> [What you need to do] Dropping every picture, set down exactly the lines in the entries below, starting with the line with "3e04488e2d4 Vivienne Westwood" and going on through the line with "двигатель N63B44 с новыми турбинами".

> [Available data]

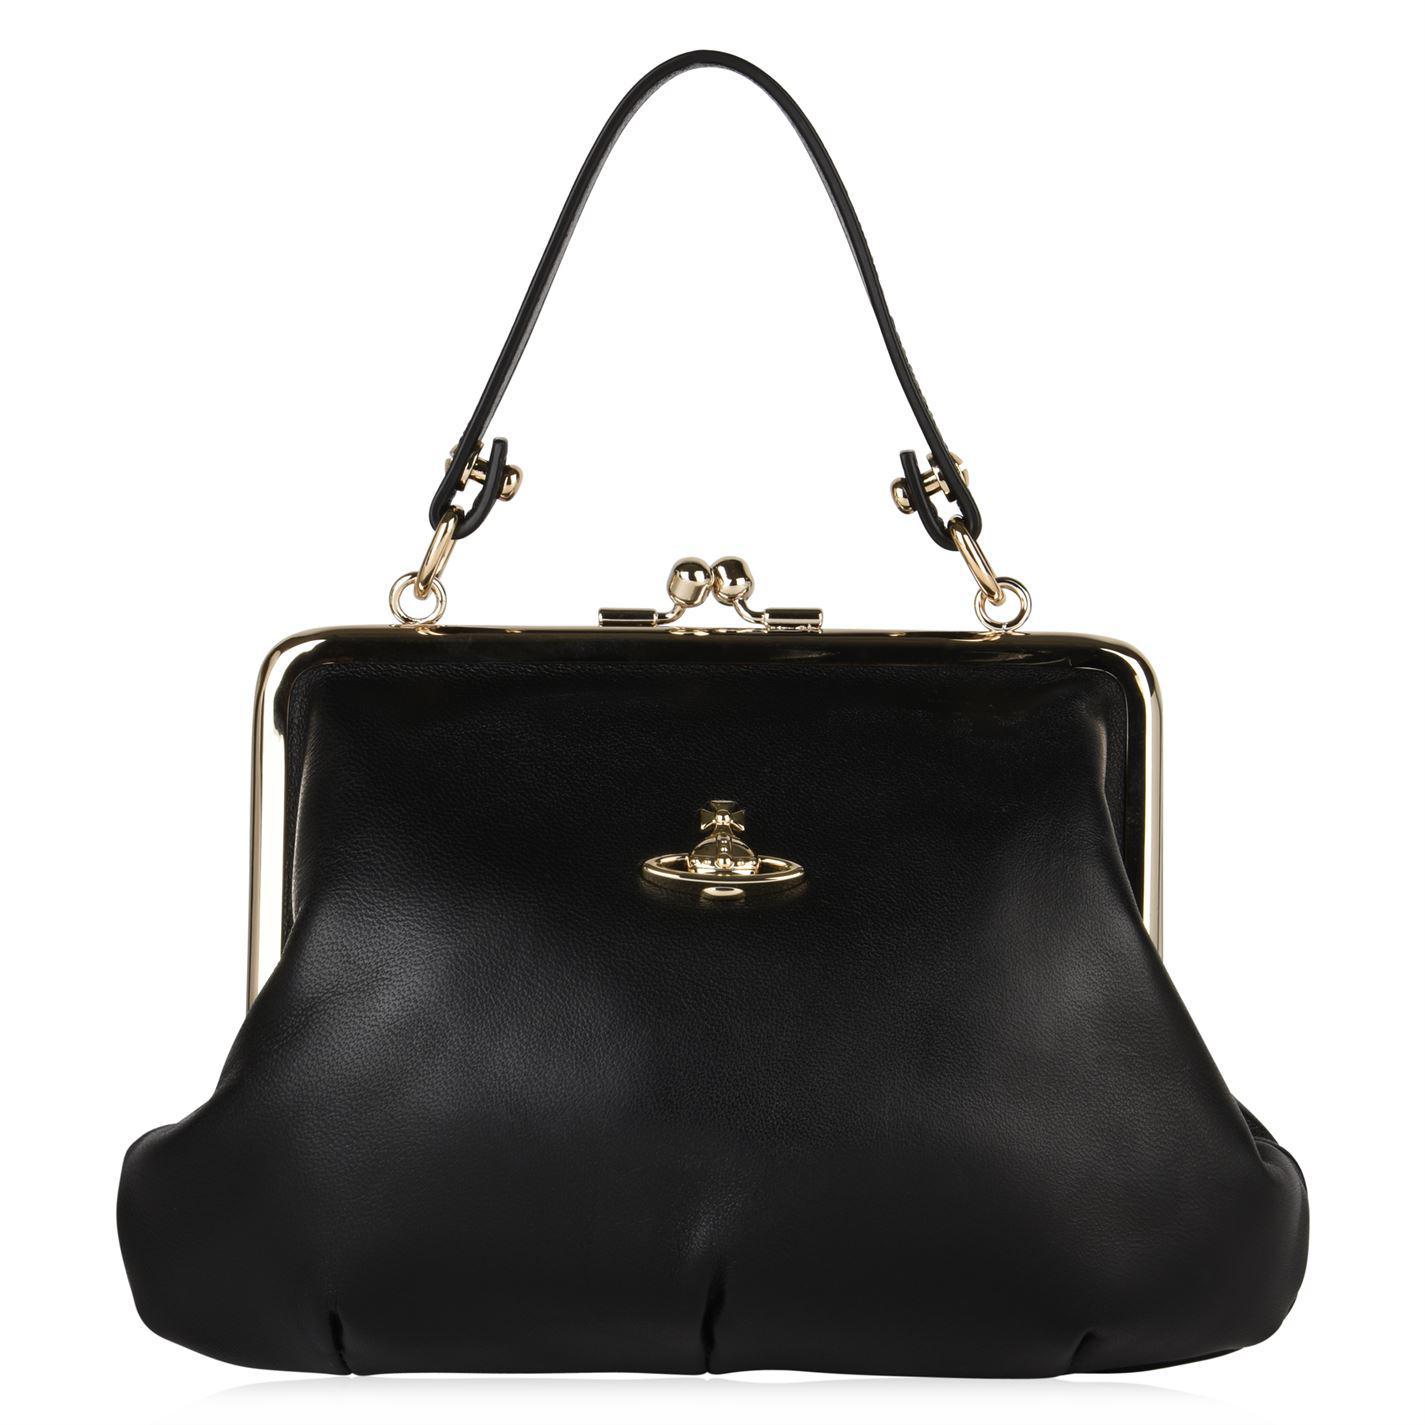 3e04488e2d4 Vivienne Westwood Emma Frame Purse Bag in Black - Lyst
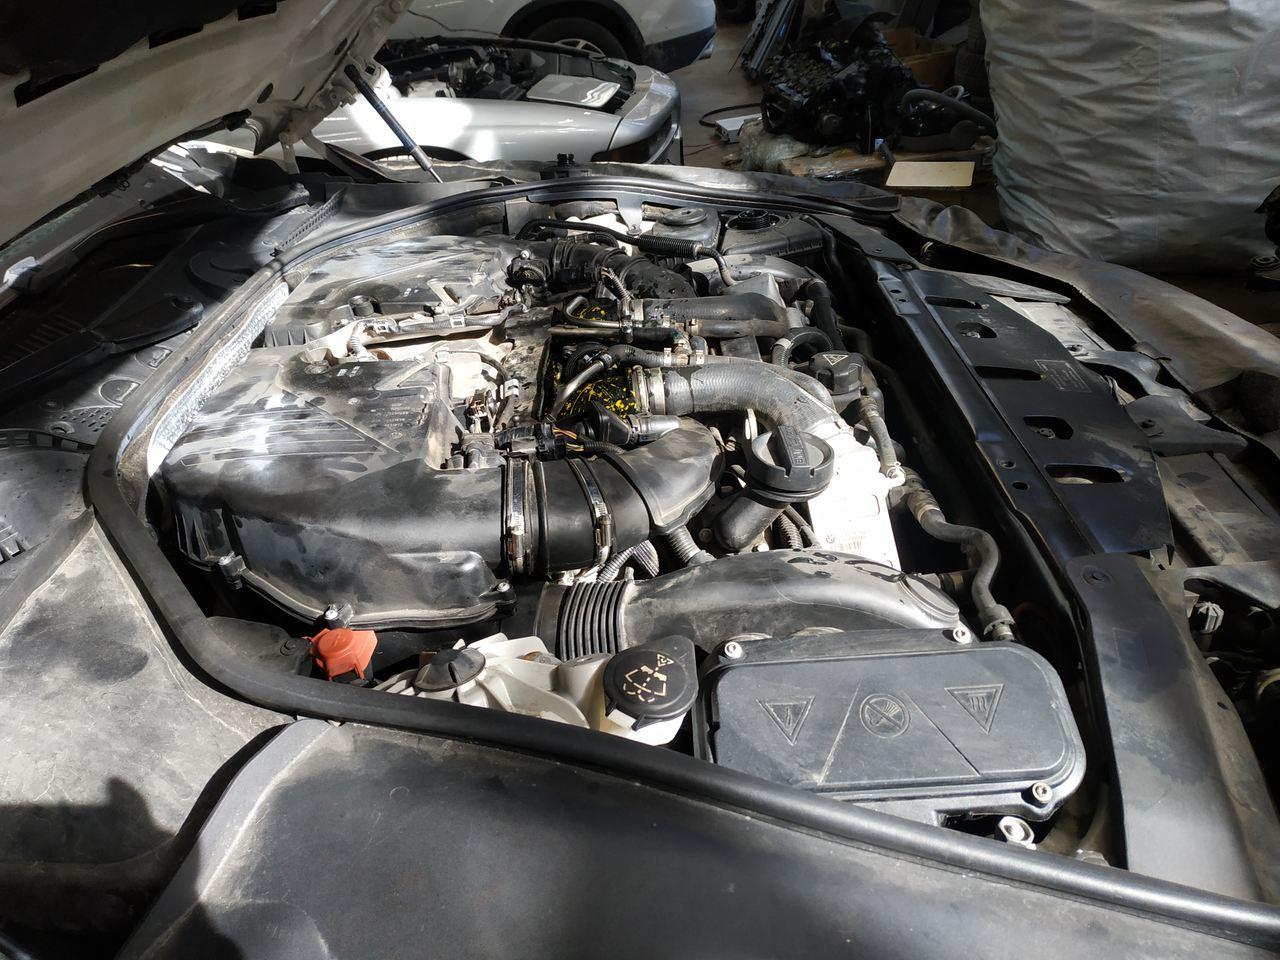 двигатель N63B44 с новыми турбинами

...

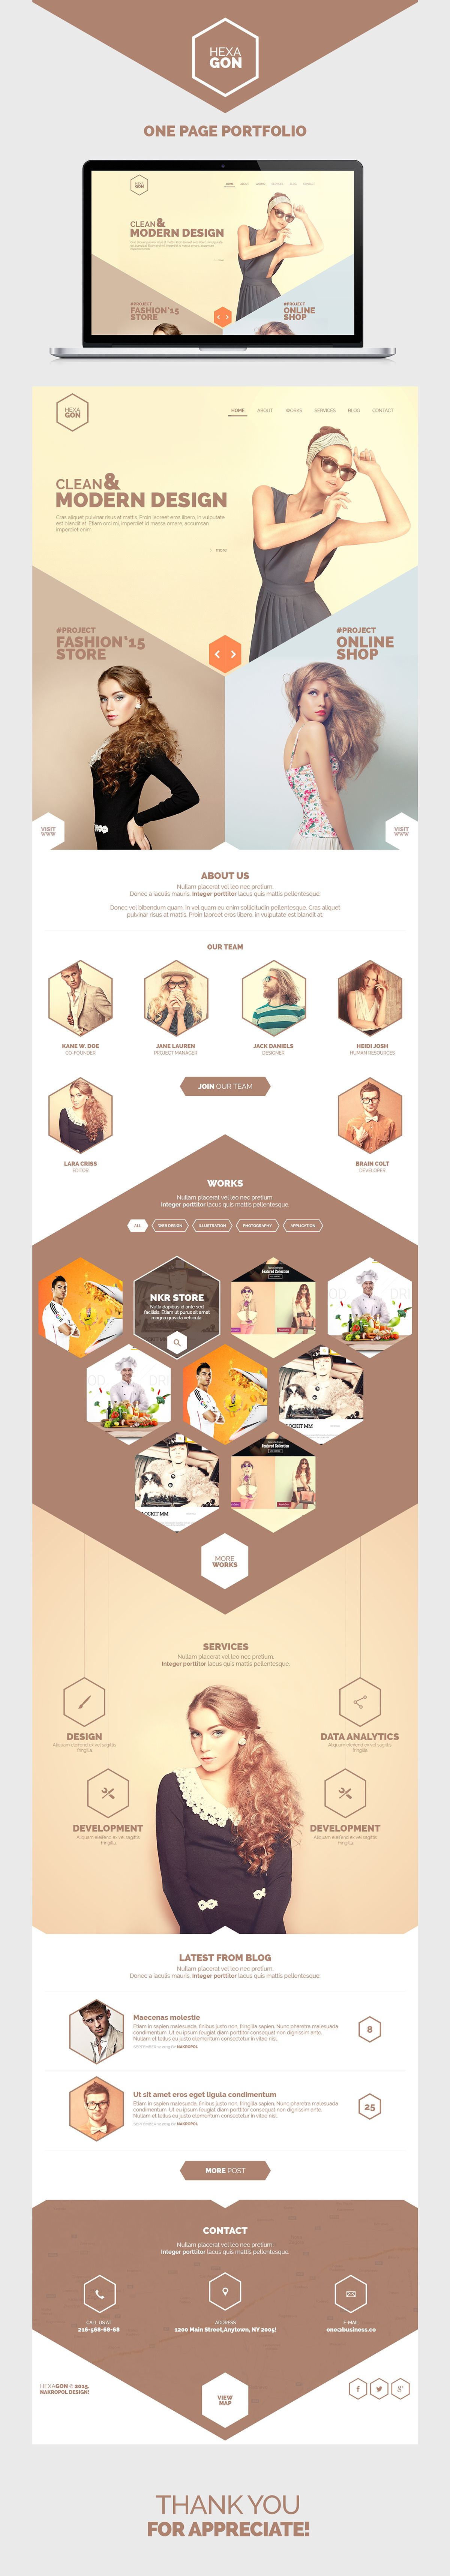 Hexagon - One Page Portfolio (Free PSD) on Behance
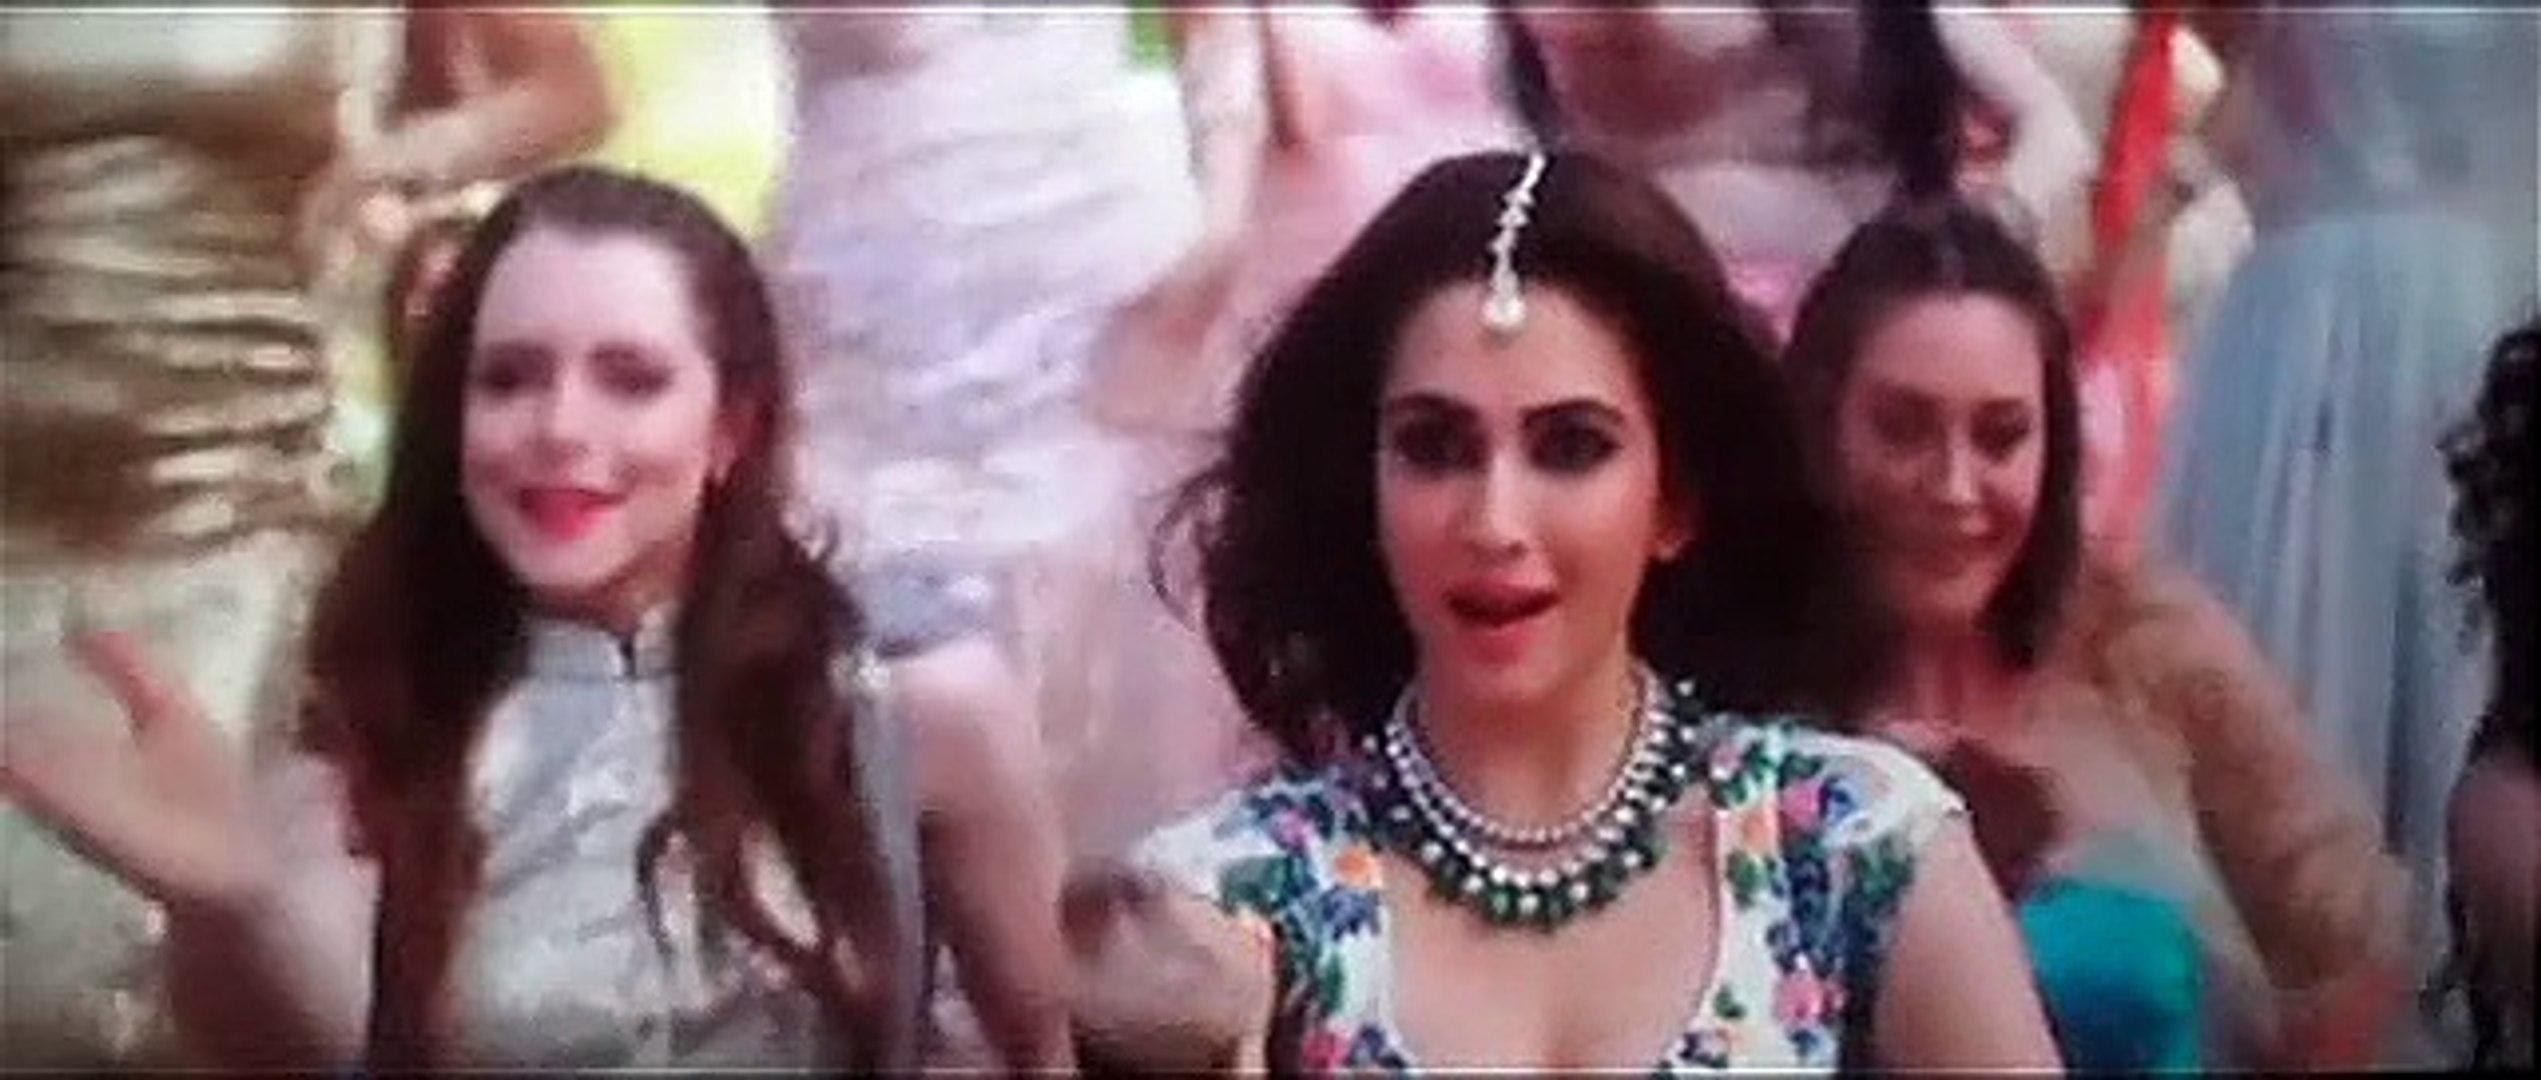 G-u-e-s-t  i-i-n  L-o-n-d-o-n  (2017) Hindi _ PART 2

==

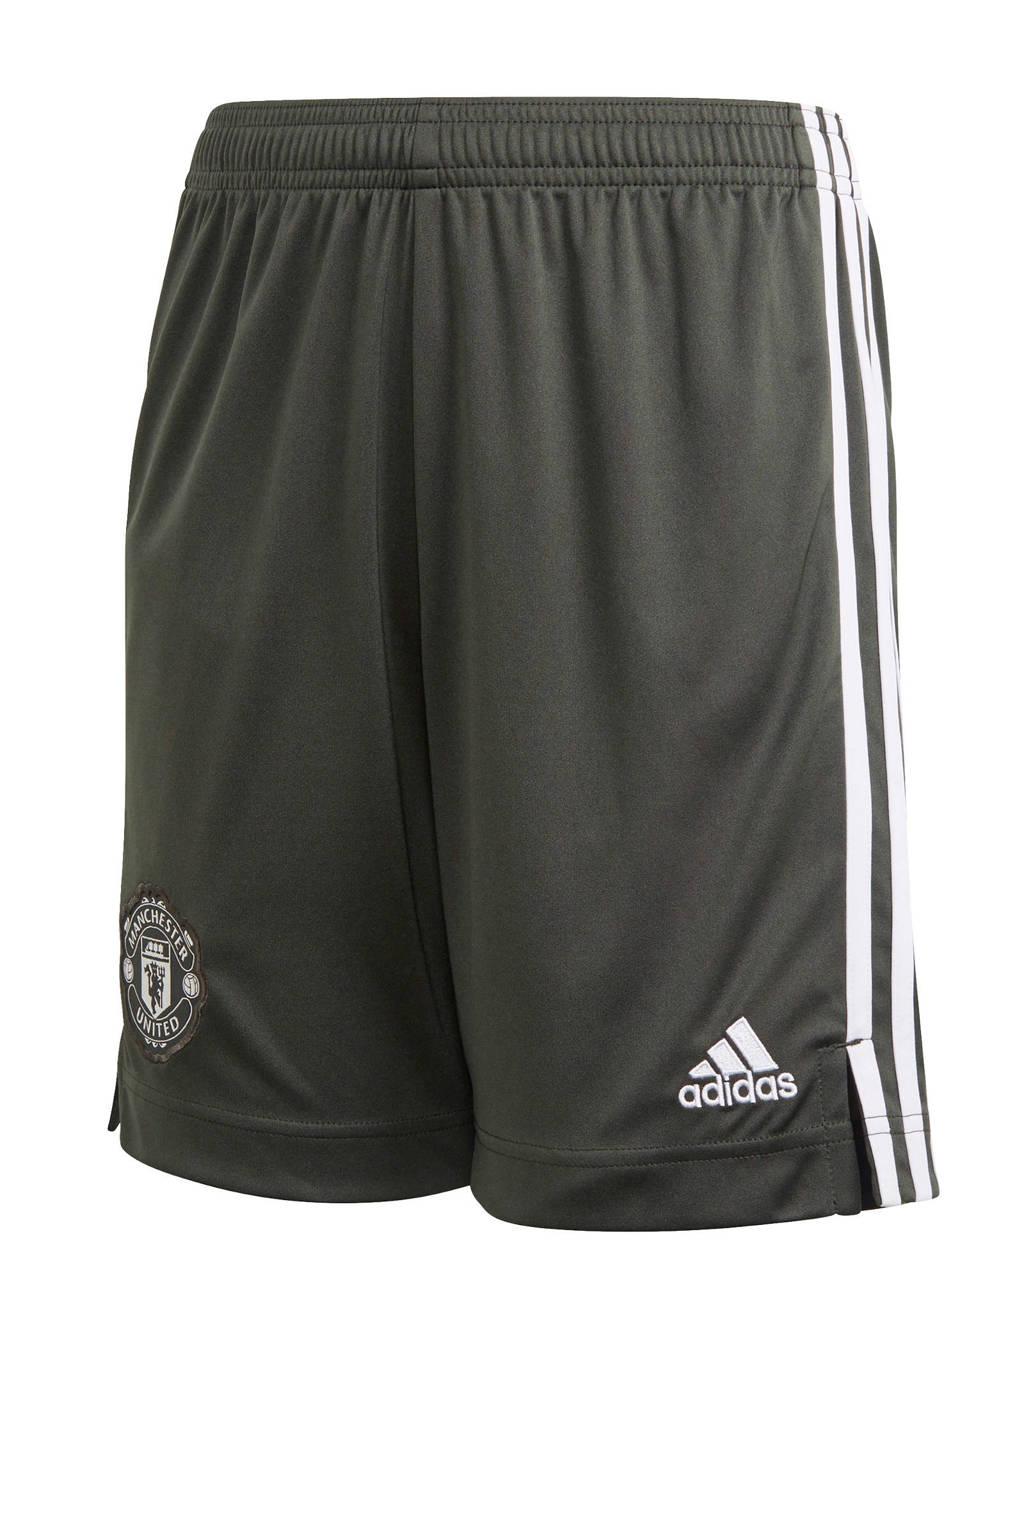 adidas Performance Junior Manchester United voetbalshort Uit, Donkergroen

> [Answer to this problem]
 3e04488e2d4 Vivienne Westwood Emma Frame Purse Bag in Black - Lyst
 двигатель N63B44 с новыми турбинами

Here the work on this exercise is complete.